A hand drops onto my knee and softly pats it. When I glance up through my hair, I’m surprised to find that it’s Portman’s. He actually does look somewhat contrite. I’m not sure that I buy it. Fulton lets out a quiet sigh, “OK, Guy. The lube was just a convenient excuse. Why don’t you tell us why you really came here?”
I drop my hands down and press them in between my knees, suddenly feeling very small in the middle of all this, “I don’t know. I just… I’m so confused. I thought… maybe… you guys…”
Fulton’s smile is sad and full of sympathy now. I didn’t know a smile could look so sad. He shakes his head, “… might have all the answers?” At my quiet nod, he shakes his head again, “Sorry, Guy. We don’t. Our answers may not be the ones you’re looking for. They might even make this harder for you. But maybe if you at least got the questions out in the open…?”

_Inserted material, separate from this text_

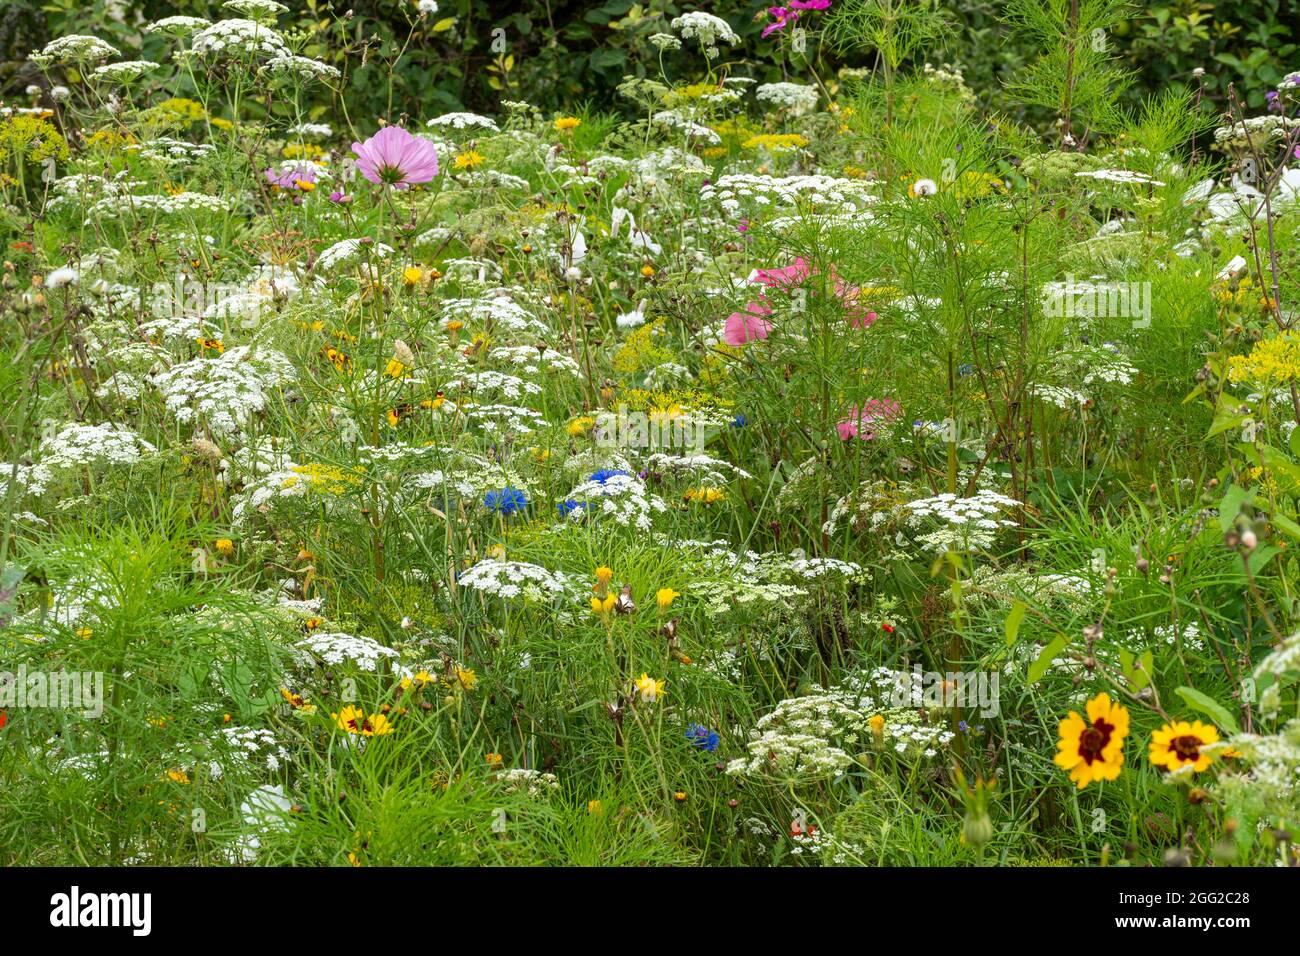 Colourful wildflower garden with flowers that are good nectar sources for pollinating insects such as bees and butterflies, summer, UK Stock Photo

He leaves the question hanging. An offer. To get it all off my chest and finally talk about it to someone that I know won’t judge me. But… I just can’t do it. I can’t do it. I jump to my feet and edge towards the door. Portman moves out of my way. Fulton just gives me another sad smile, “I understand. Just remember, the offer still stands for whenever you may want to take me up on it.”
I hardly hear it. I open the door and bolt back down the hall. It isn’t until I’m safely back in my own room with the door locked that I realize that the small, innocuous, evil little tube that started this whole mess is still in my bookbag. I sink to the floor with my knees curled tight to my chest and just start whimpering. Why me?